[Opening Information provided section]

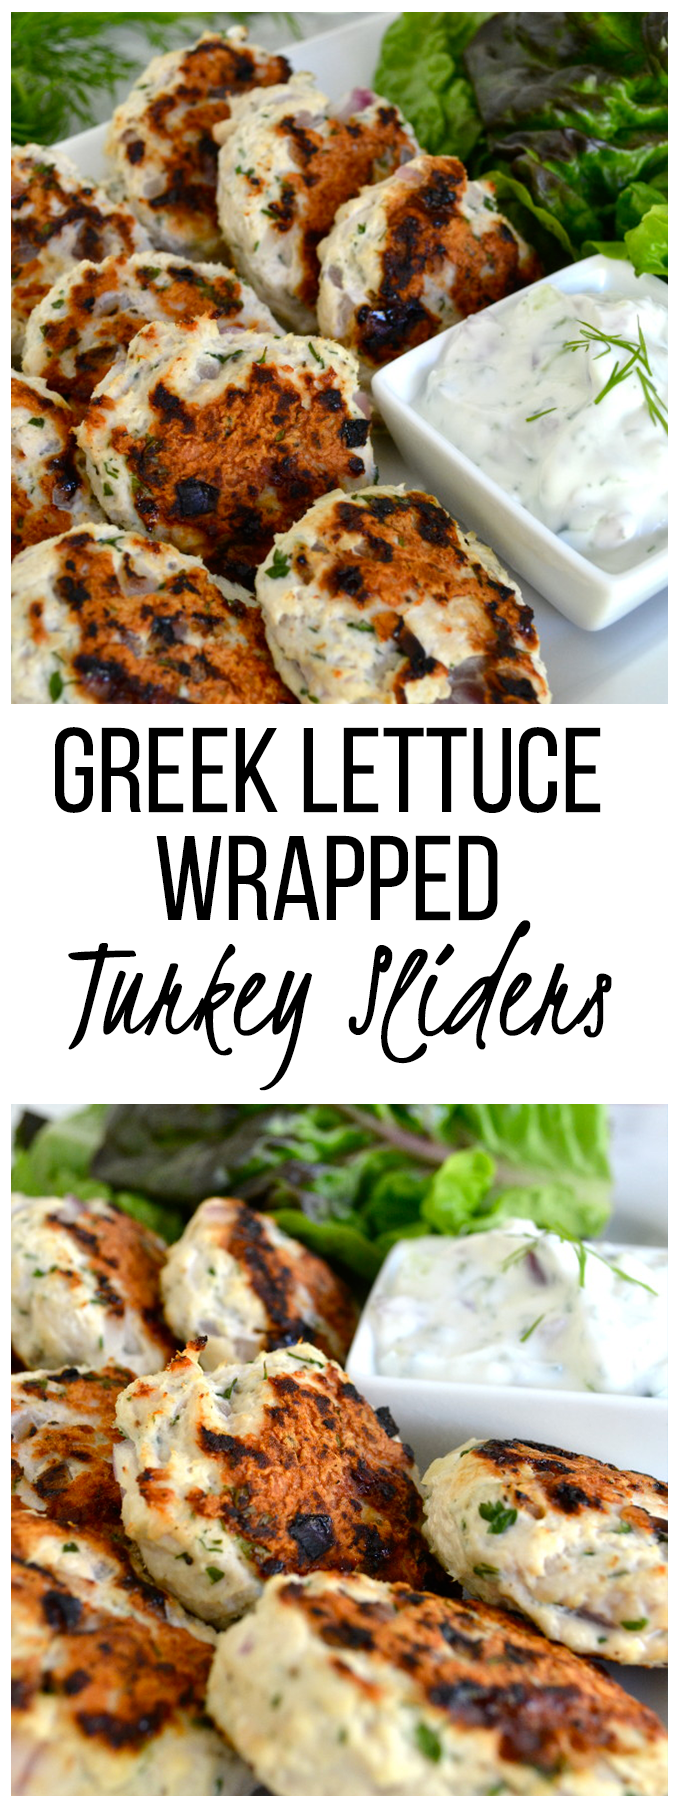 Greek Lettuce Wrapped Turkey Sliders // A quick and healthy dinner or appetizer for any occasion! 
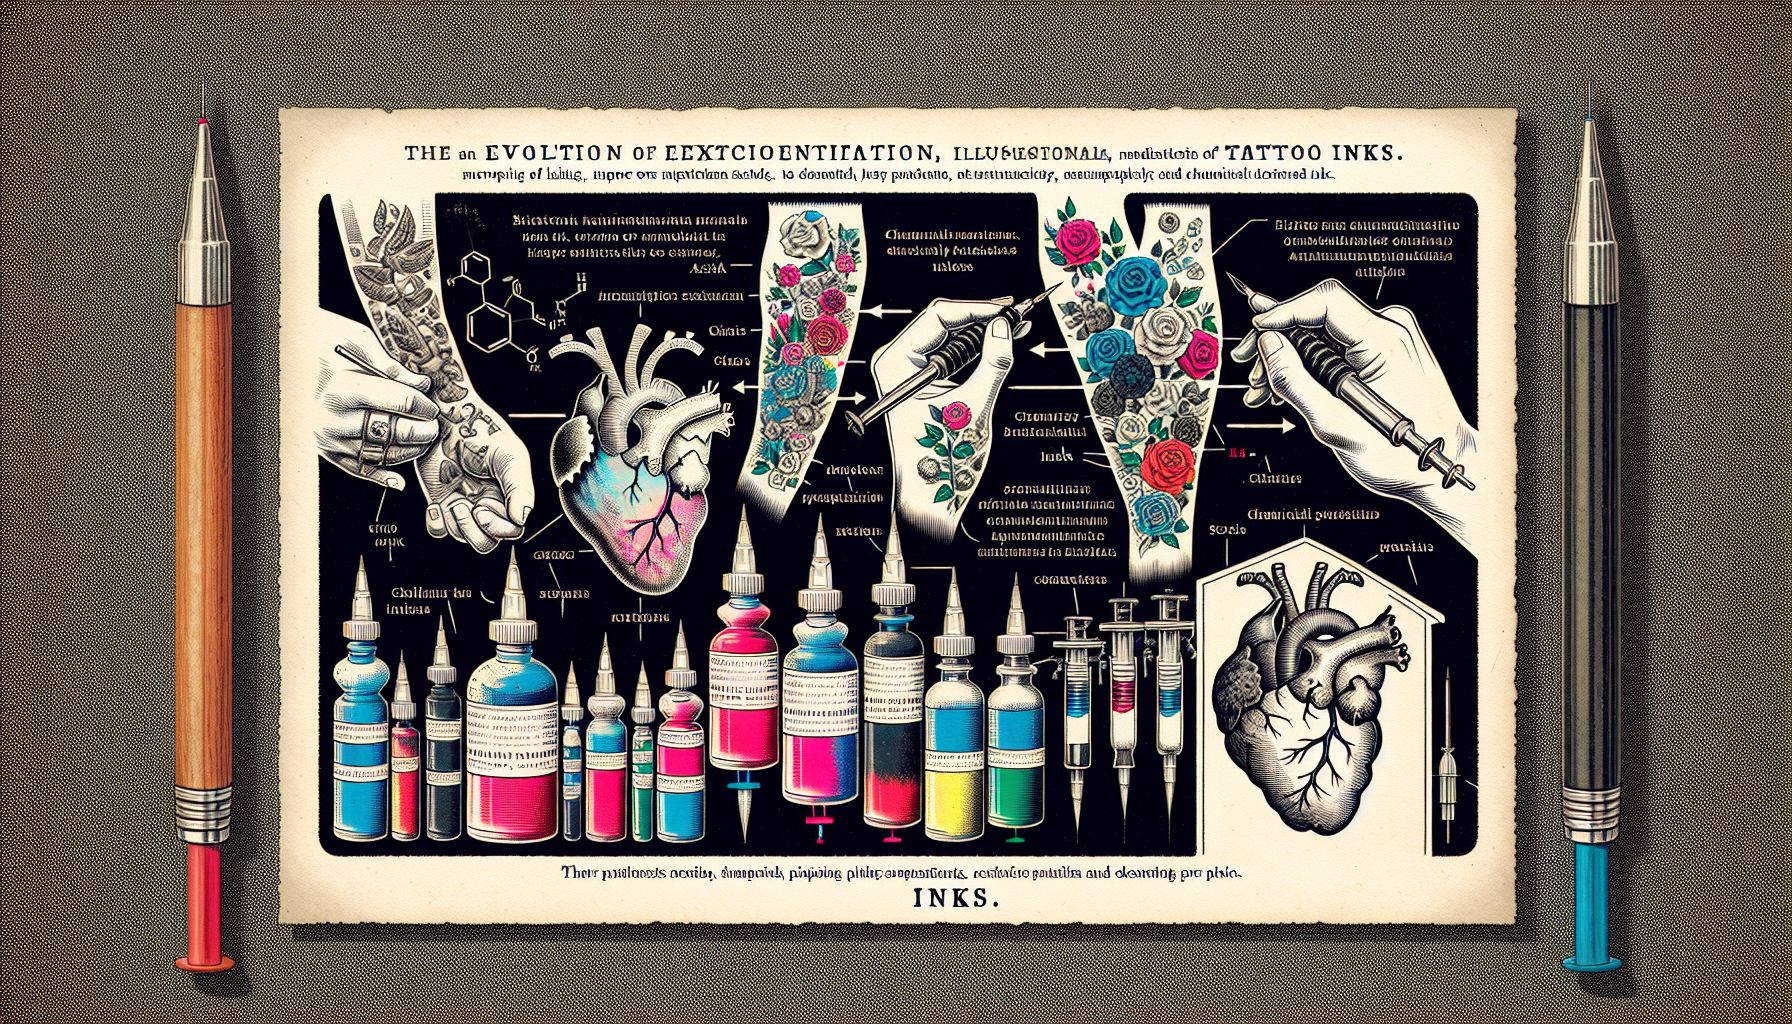 ###A Deep Dive into Evolution, Functionality, and Variation of Tattoo Inks
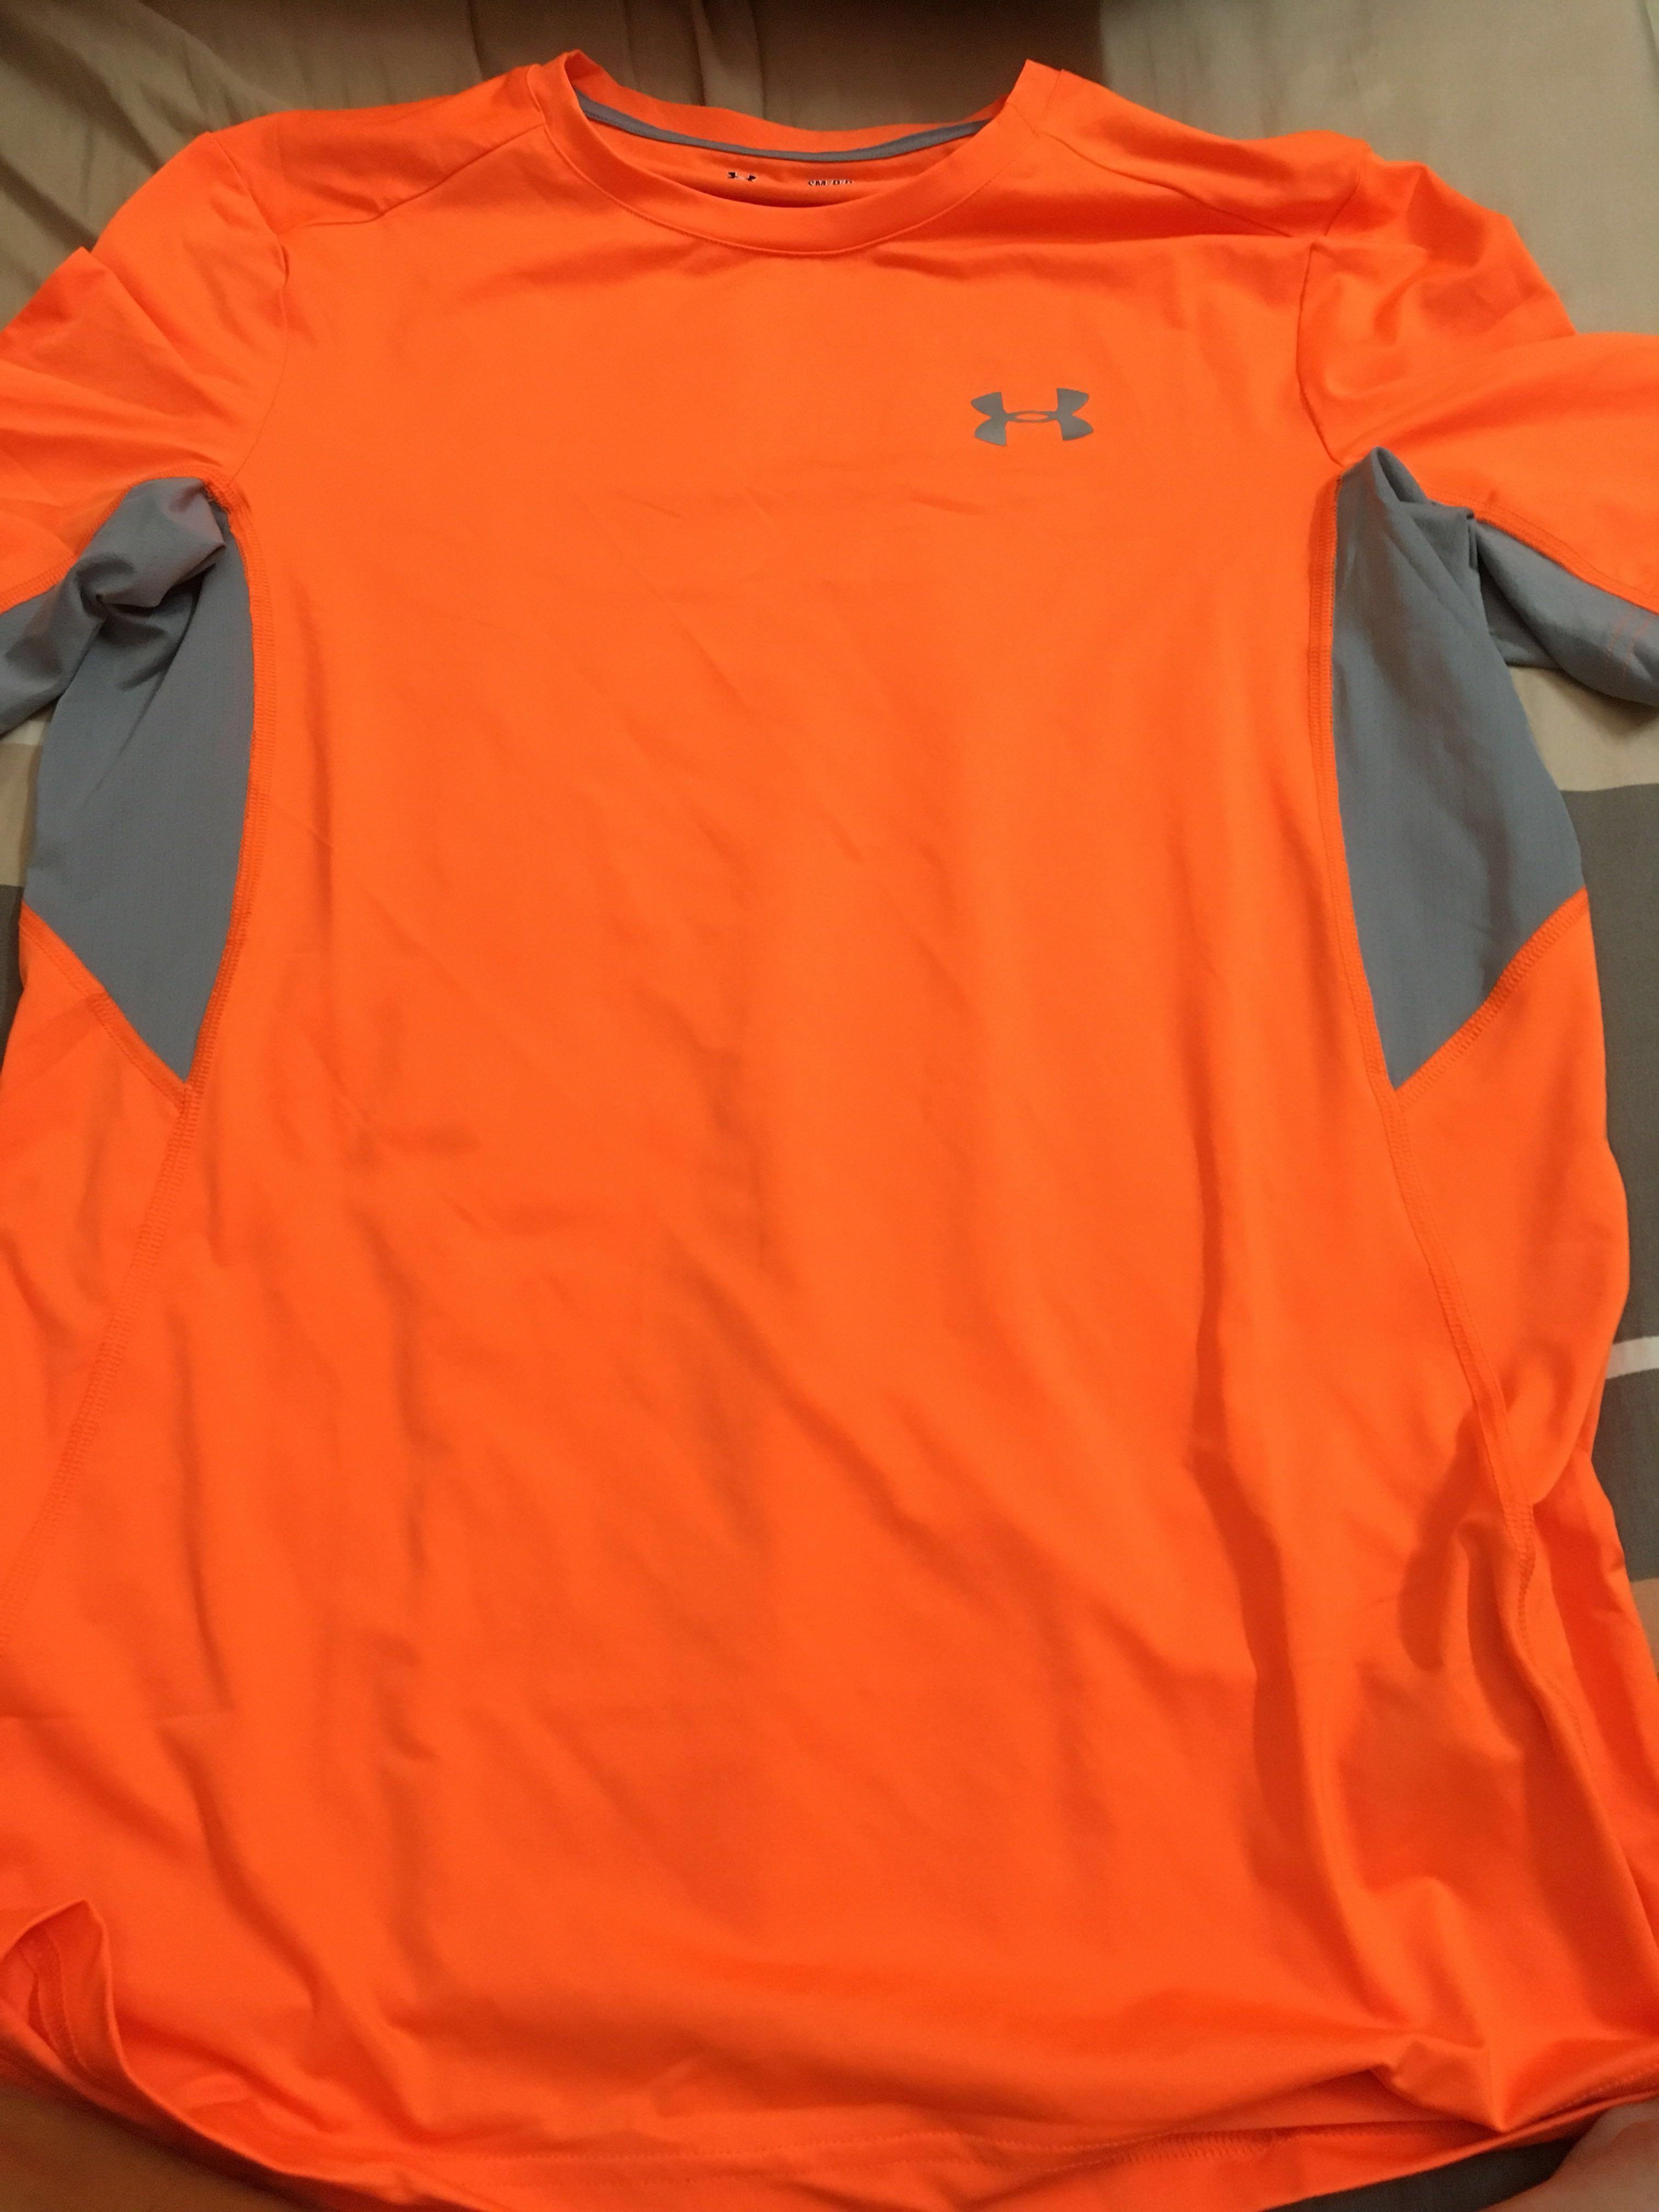 under armor dry fit
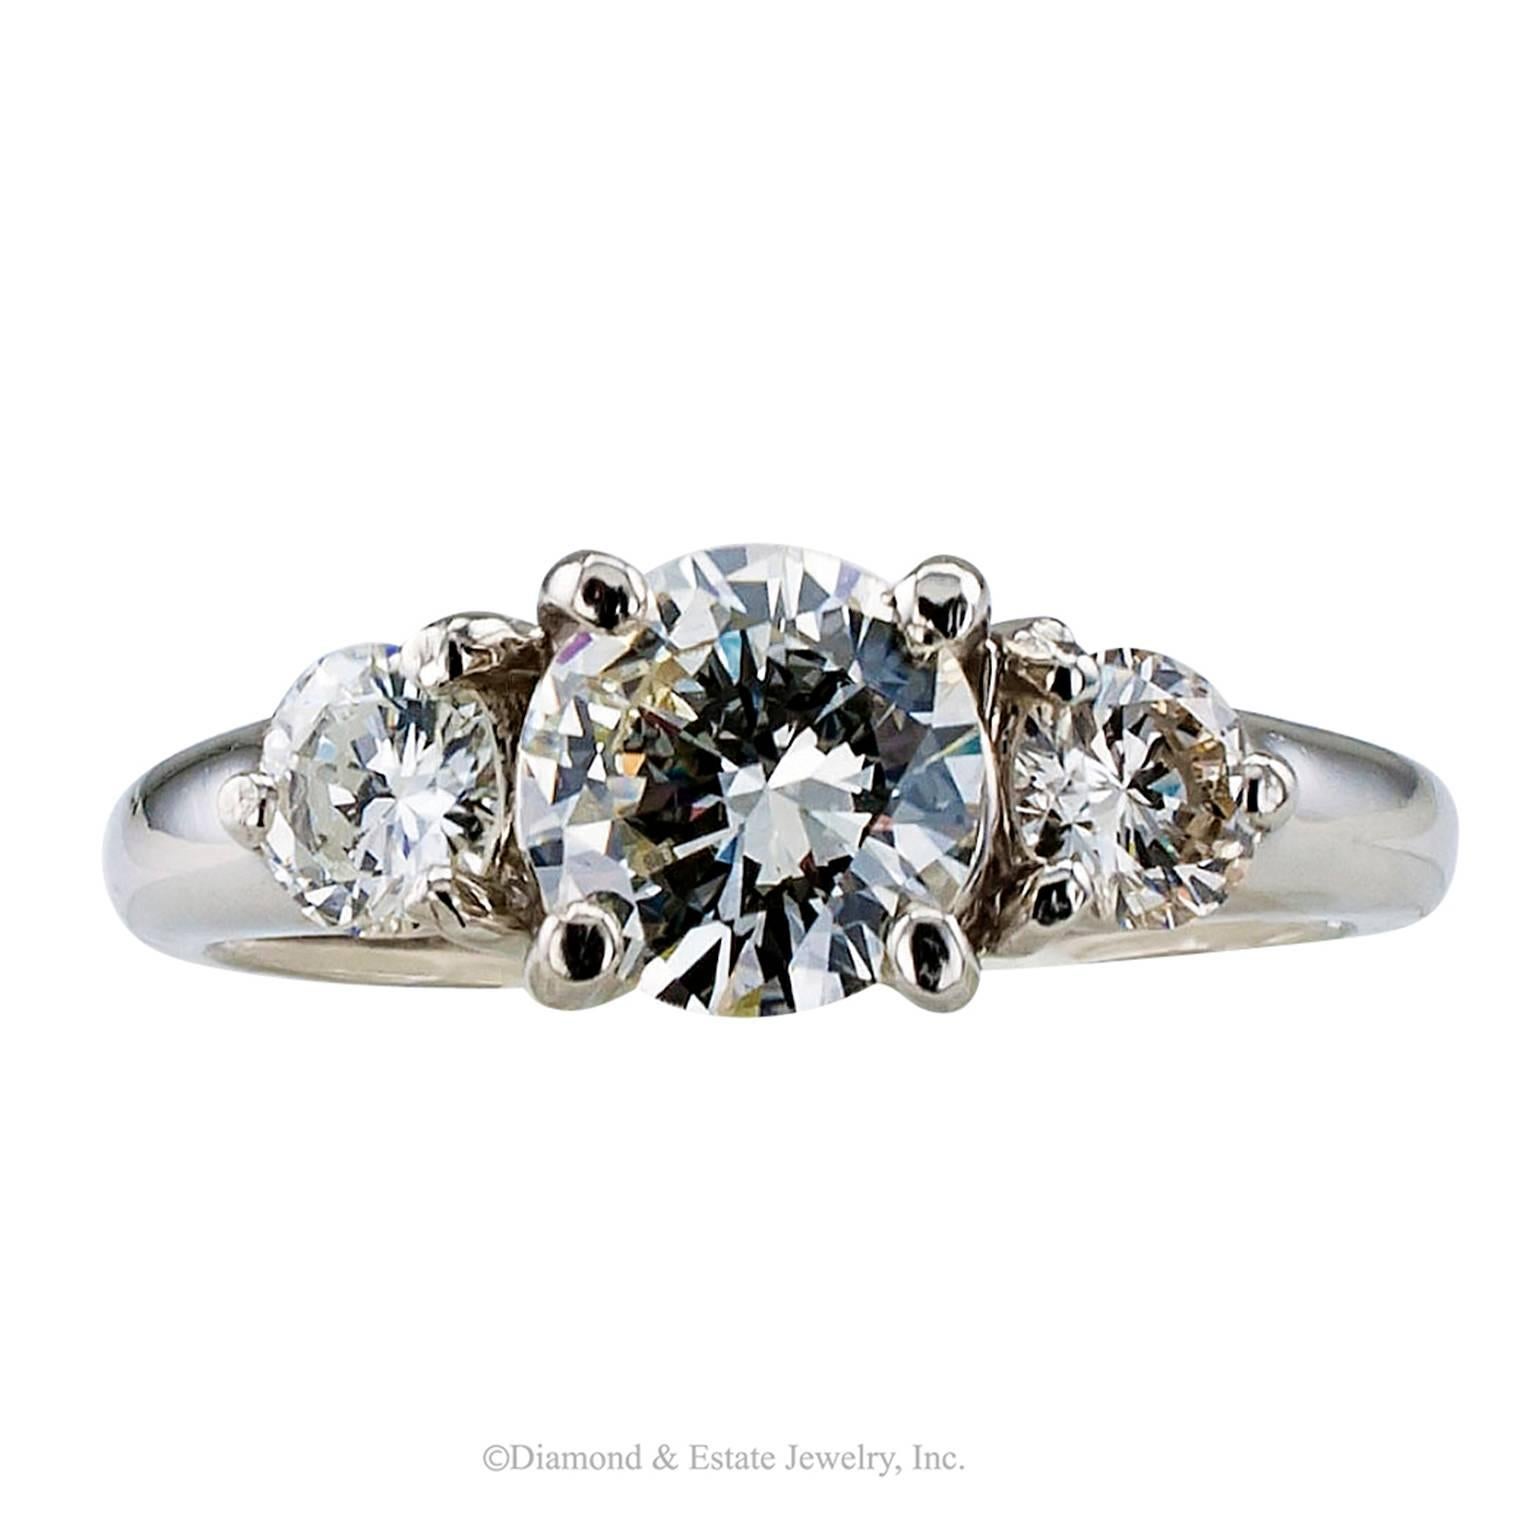 0.96 Carat Center Diamond Three-stone Engagement Ring

Three-stone 0.96 carat center diamond and platinum engagement ring.  One of the most endearing and traditional engagement ring styles, the three-stone diamond ring is king, at the top of the

[Closing Information provided section]

▶ **Action item**
Before printing anything, remove the pictures; then print all the records exactly.

▶ **Response to this exercise**
 Greek Lettuce Wrapped Turkey Sliders // A quick and healthy dinner or appetizer for any occasion! 
 ###A Deep Dive into Evolution, Functionality, and Variation of Tattoo Inks
 under armor dry fit
 0.96 Carat Center Diamond Three-stone Engagement Ring

Three-stone 0.96 carat center diamond and platinum engagement ring.  One of the most endearing and traditional engagement ring styles, the three-stone diamond ring is king, at the top of the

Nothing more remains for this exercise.